Required work –
Your answer must be the exact lines of the listing below that run from the line with "The Sims 4 Jungle" to the line with "18K White Gold", ends included, and no pictures.

***** Extracted material

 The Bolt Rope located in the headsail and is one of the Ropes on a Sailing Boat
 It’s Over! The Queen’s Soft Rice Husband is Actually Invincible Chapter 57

**********
***** Extracted material

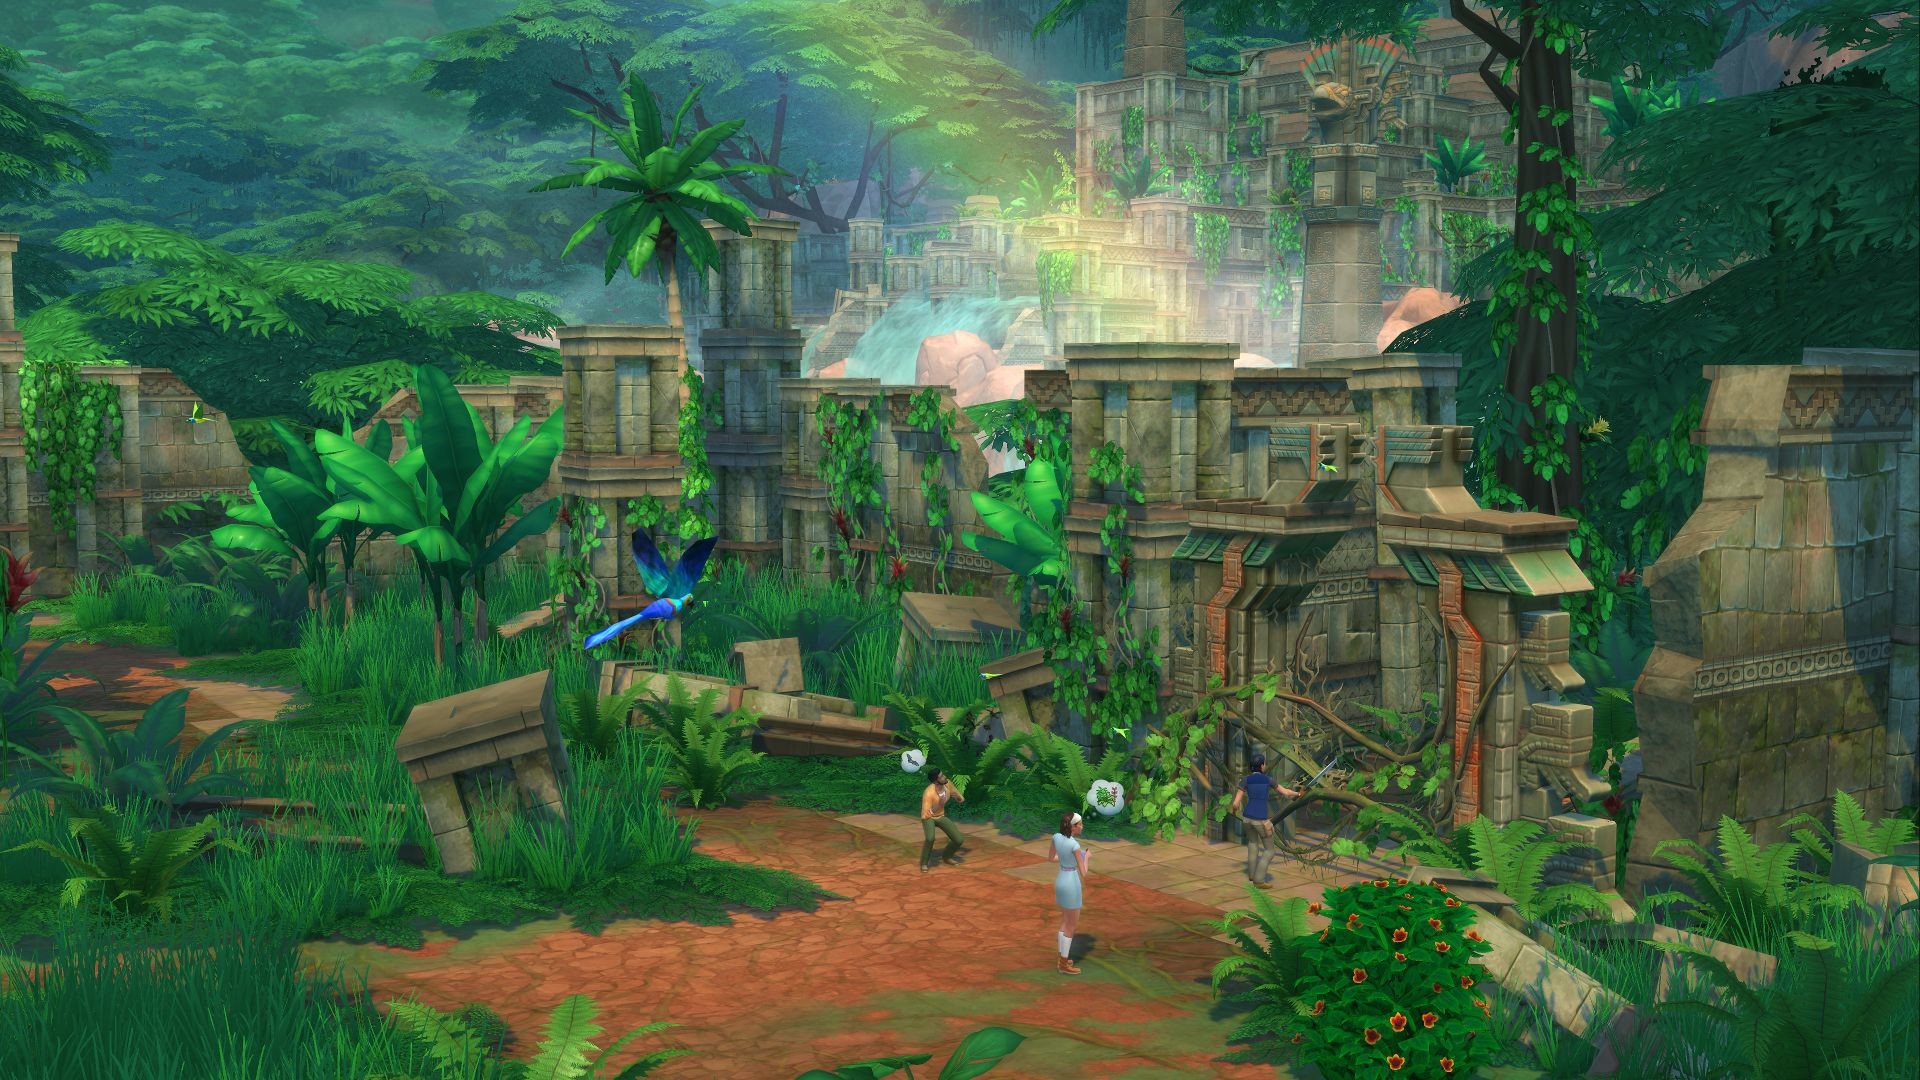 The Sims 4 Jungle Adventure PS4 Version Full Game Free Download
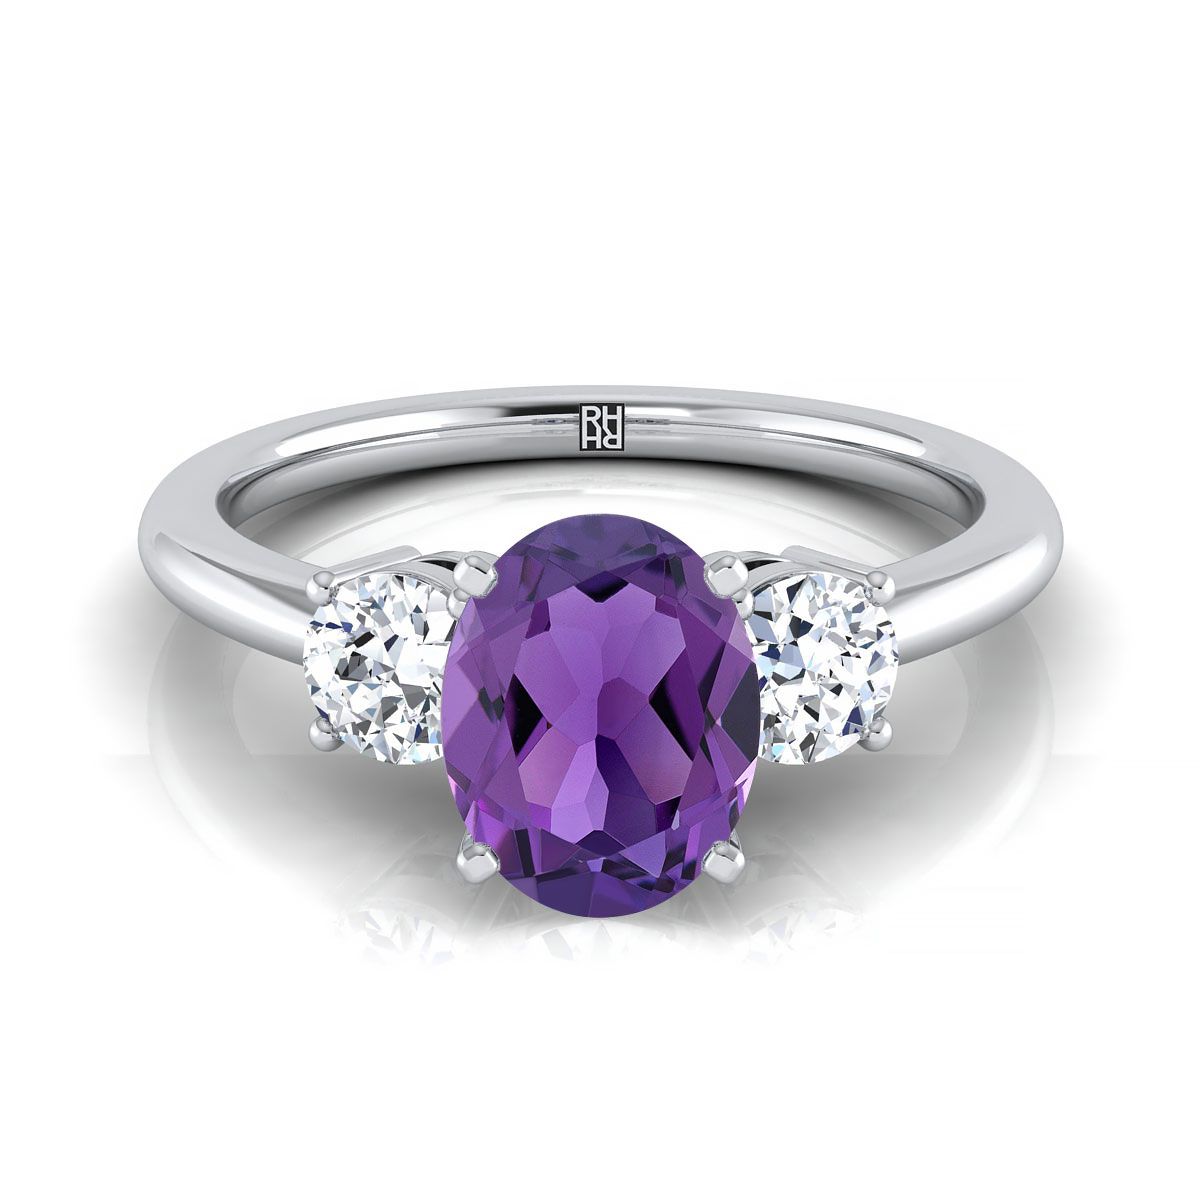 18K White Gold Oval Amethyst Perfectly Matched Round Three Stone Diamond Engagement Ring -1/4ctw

**********

Task response –
 The Sims 4 Jungle Adventure PS4 Version Full Game Free Download
 18K White Gold Oval Amethyst Perfectly Matched Round Three Stone Diamond Engagement Ring -1/4ctw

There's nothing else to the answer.